How to complete this task: Could you retype the records below exactly as they appear, skipping any pictures?
**********
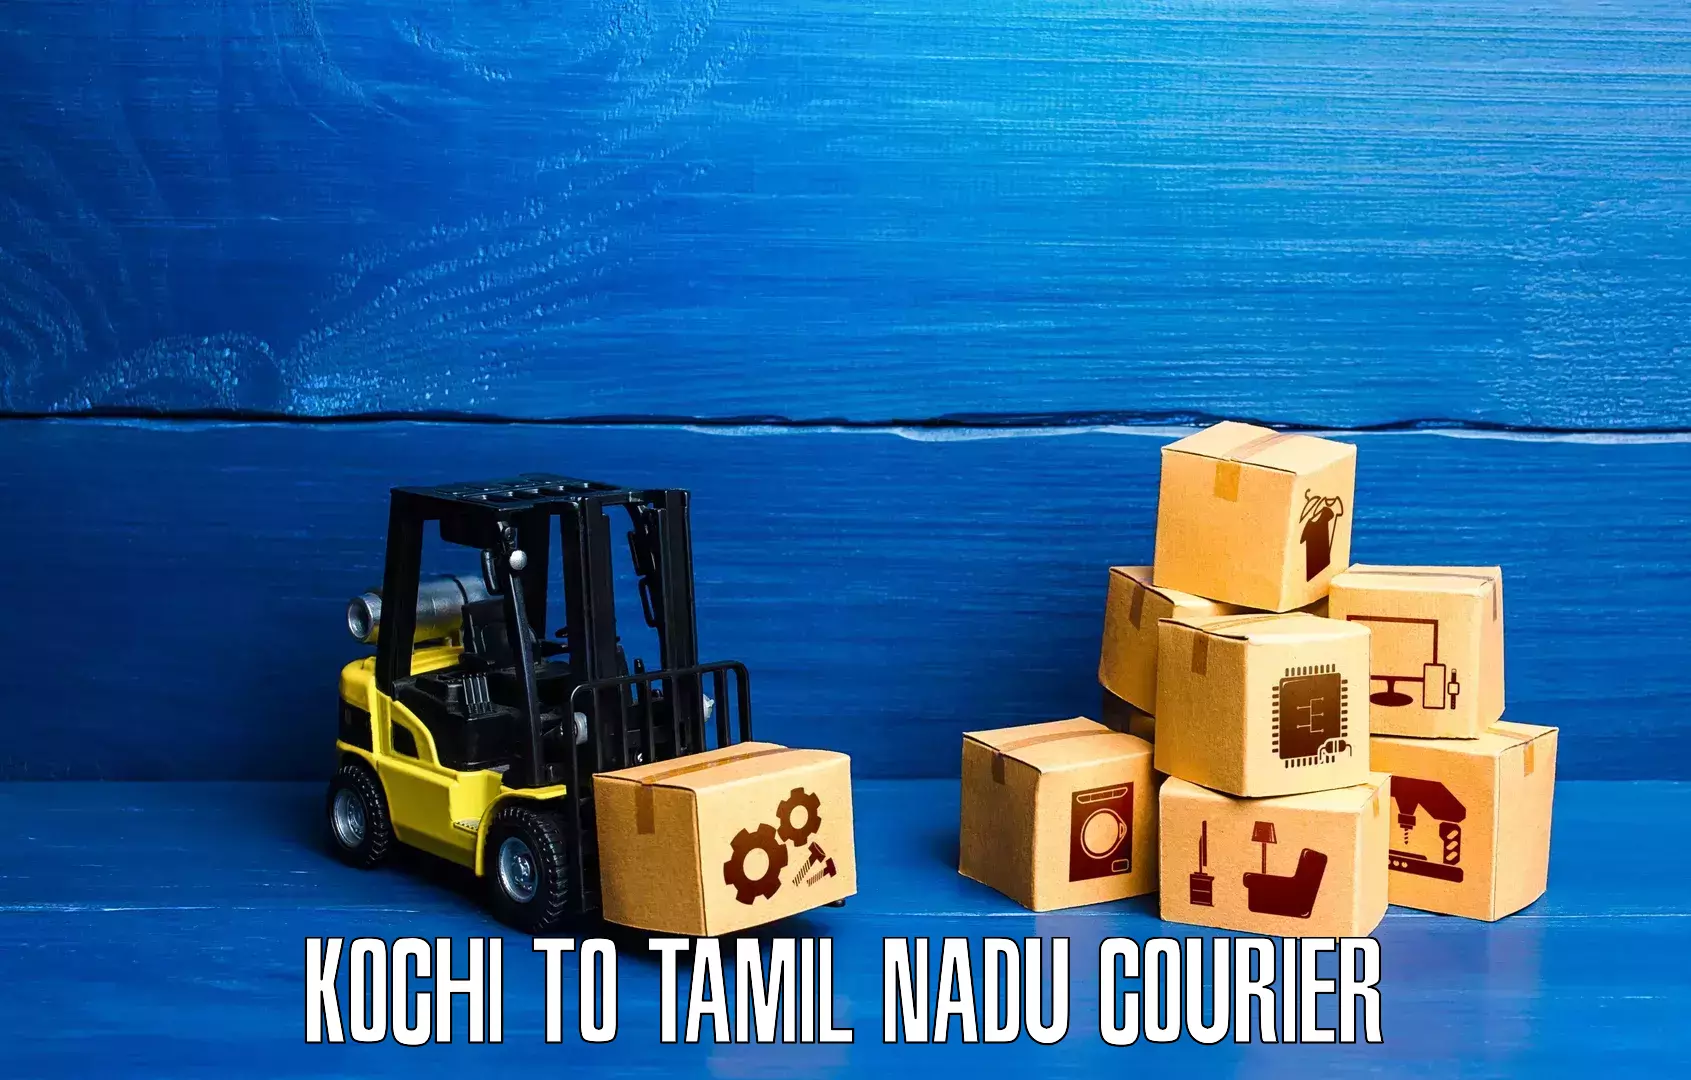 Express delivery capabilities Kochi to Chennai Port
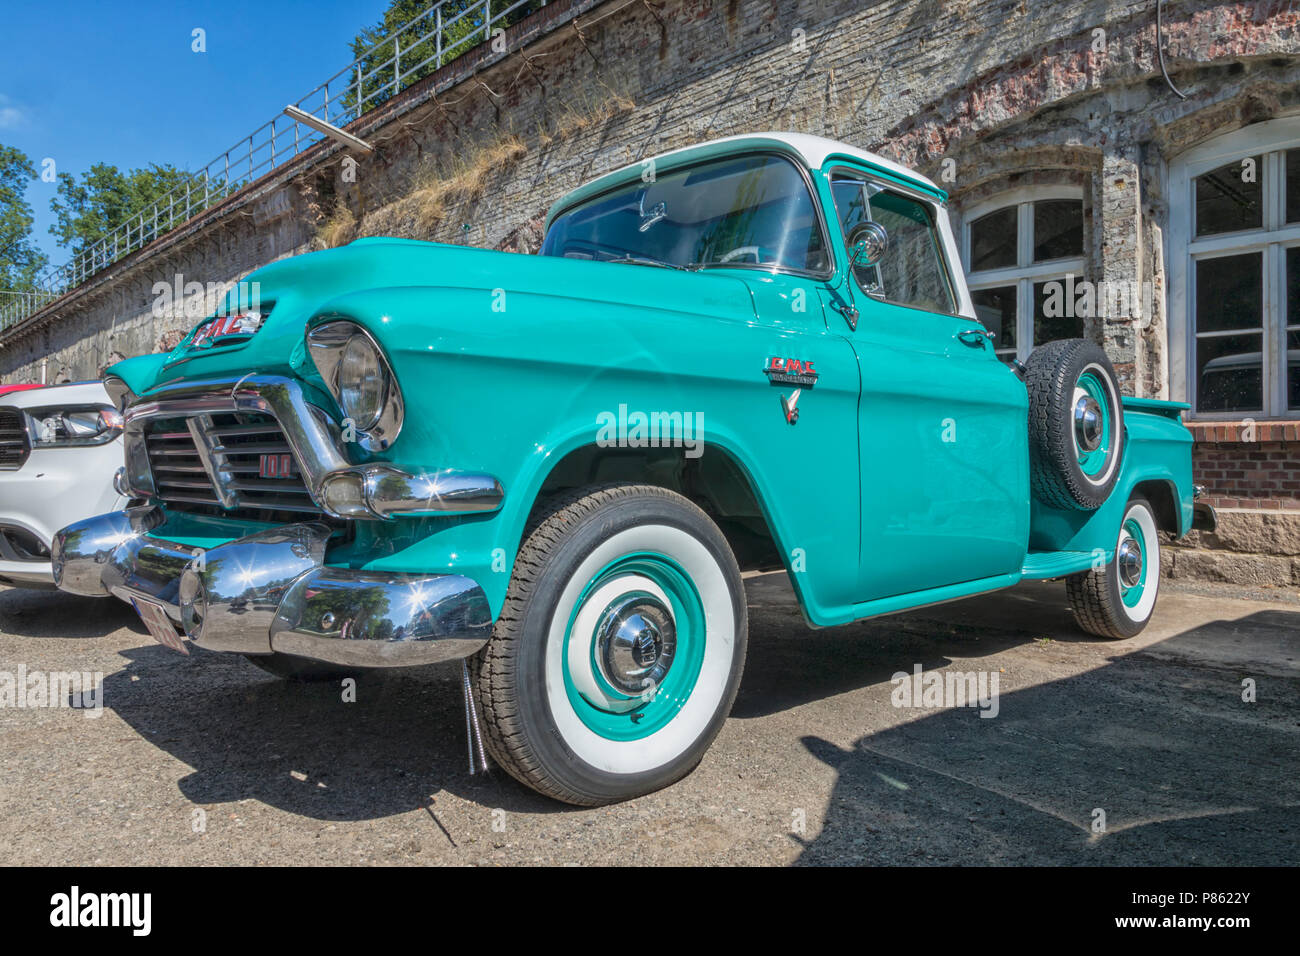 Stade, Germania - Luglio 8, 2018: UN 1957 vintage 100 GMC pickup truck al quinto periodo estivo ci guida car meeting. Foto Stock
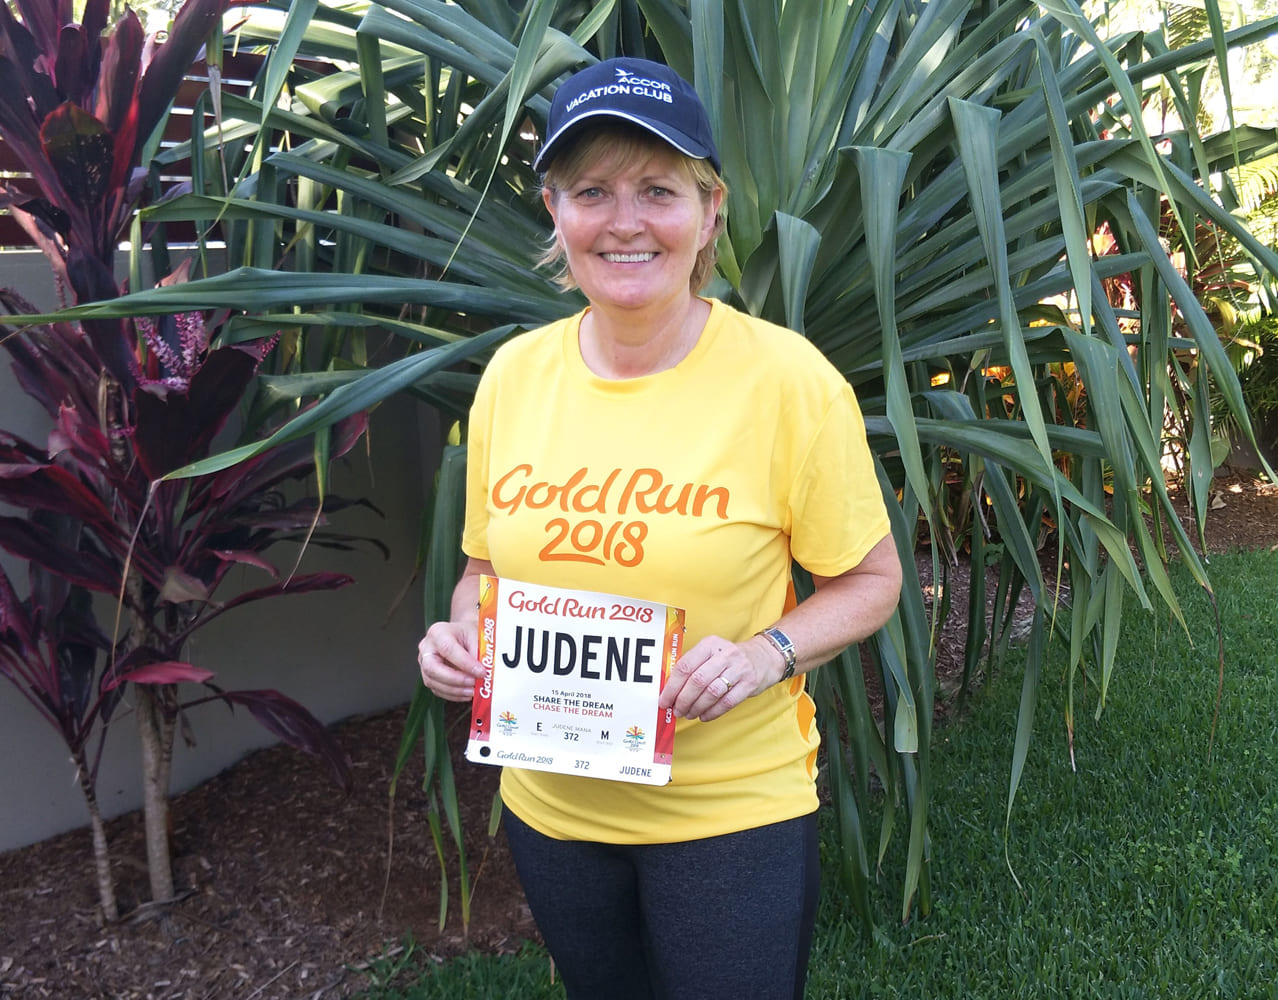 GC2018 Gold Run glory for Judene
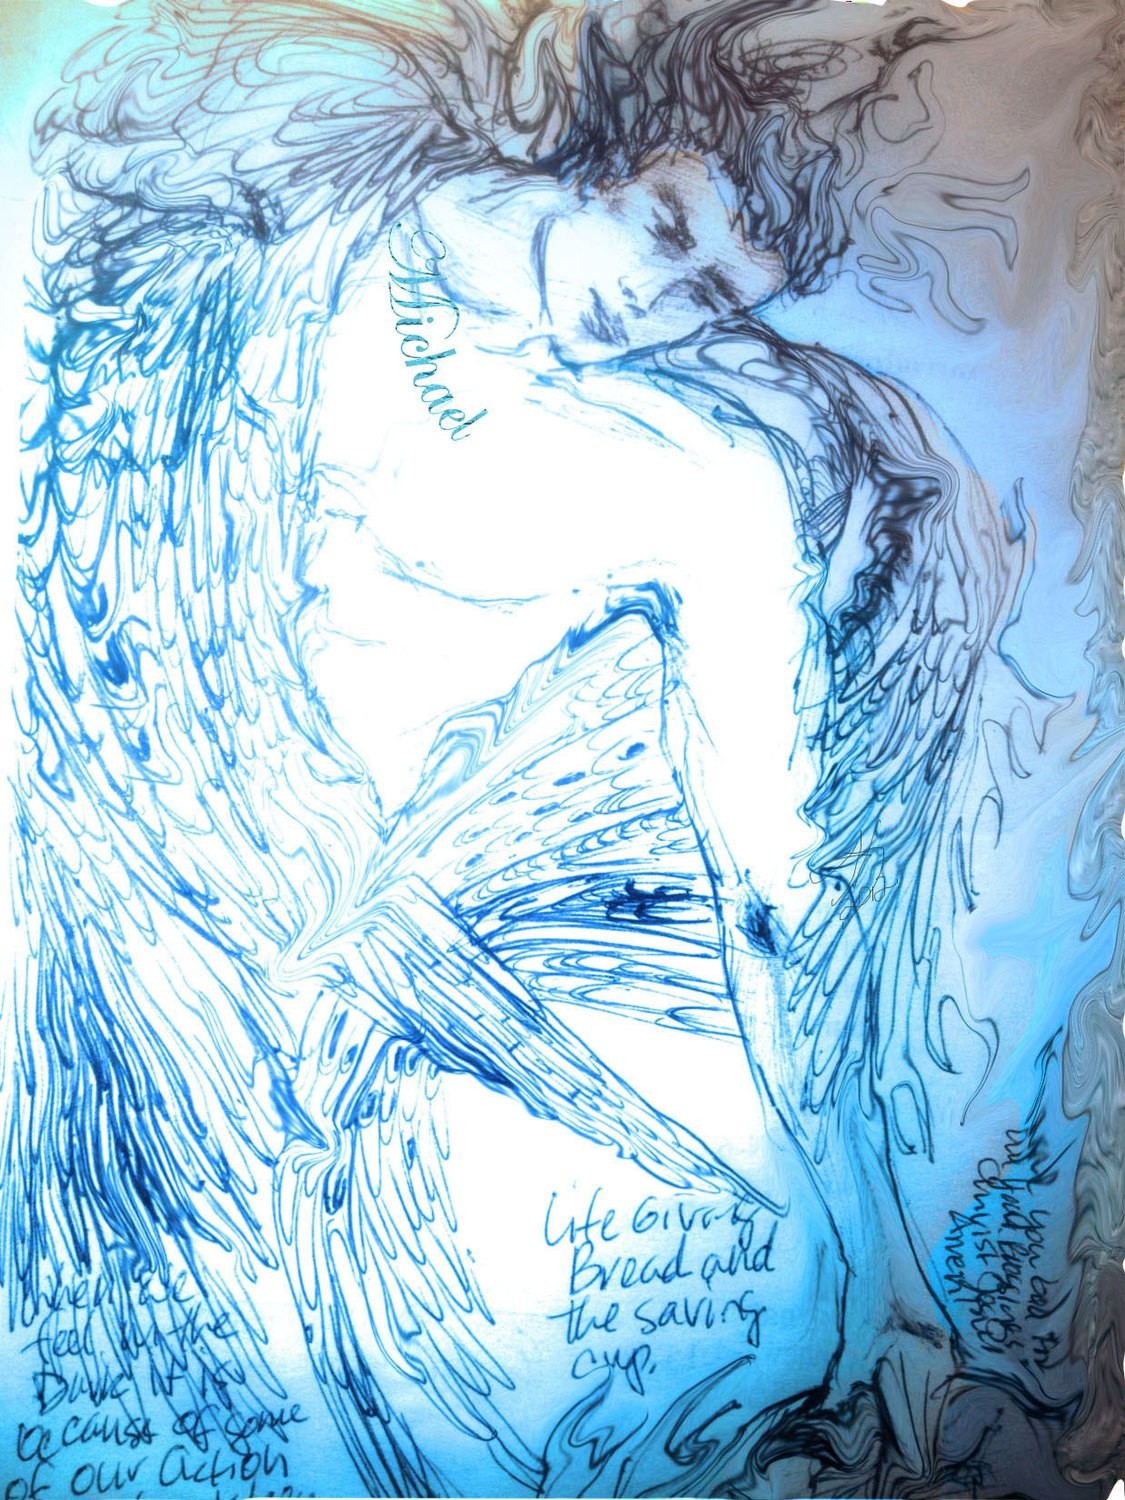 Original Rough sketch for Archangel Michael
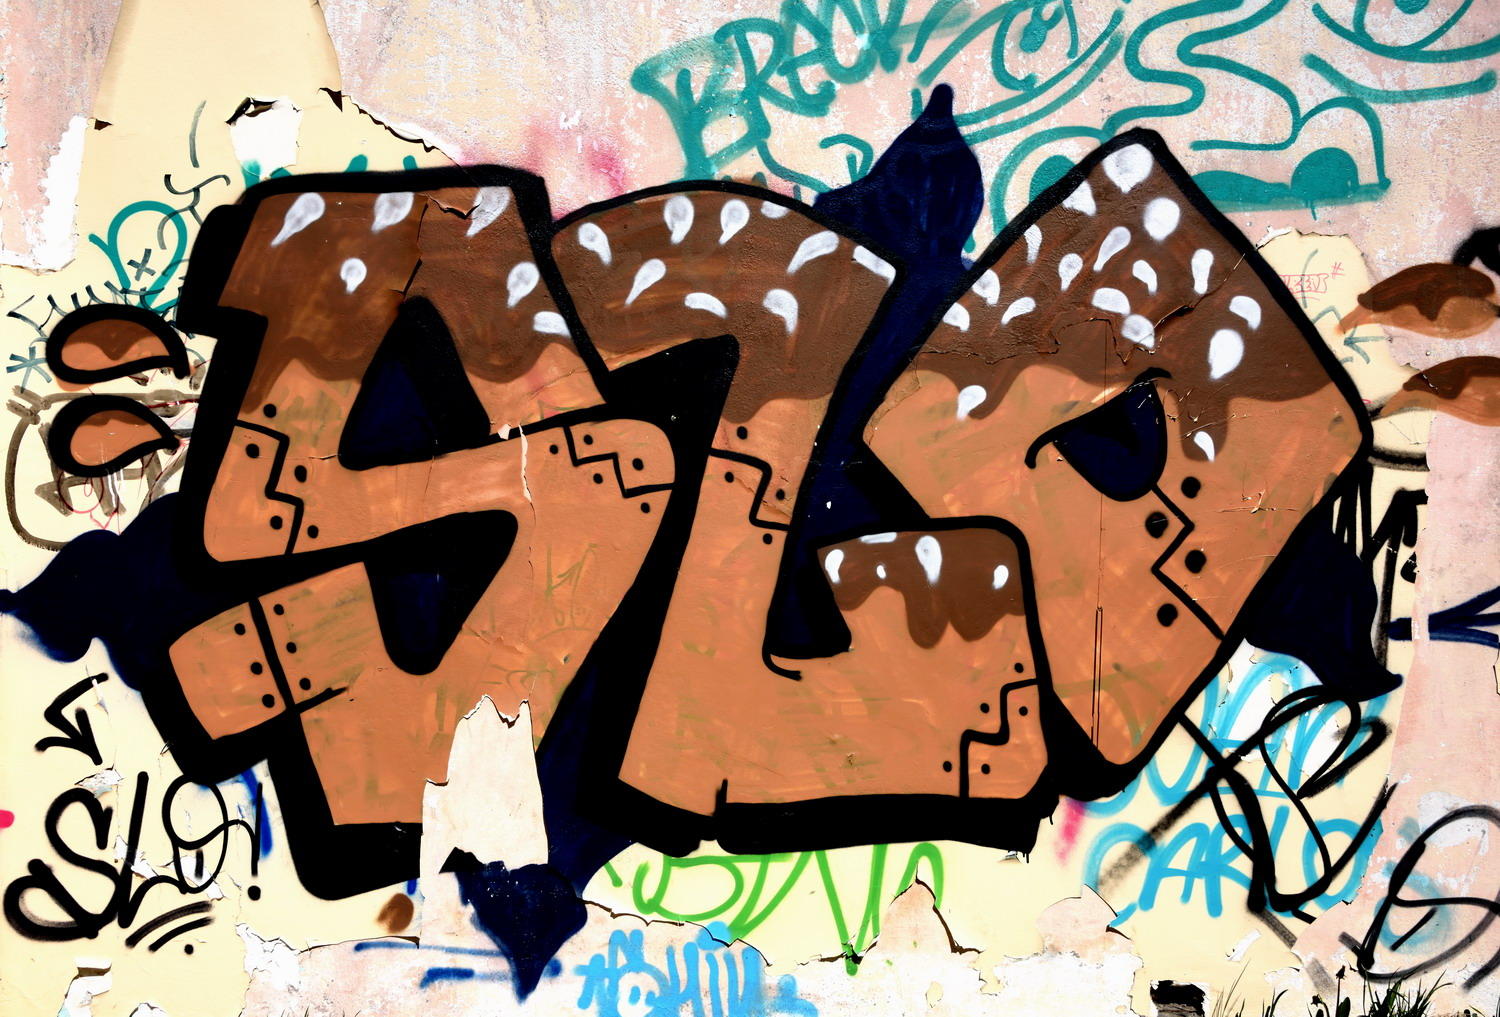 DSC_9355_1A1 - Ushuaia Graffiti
**********
Finished task:
 Express delivery capabilities Kochi to Chennai Port
 Stade, Germania - Luglio 8, 2018: UN 1957 vintage 100 GMC pickup truck al quinto periodo estivo ci guida car meeting. Foto Stock
 GC2018 Gold Run glory for Judene
 Original Rough sketch for Archangel Michael
 DSC_9355_1A1 - Ushuaia Graffiti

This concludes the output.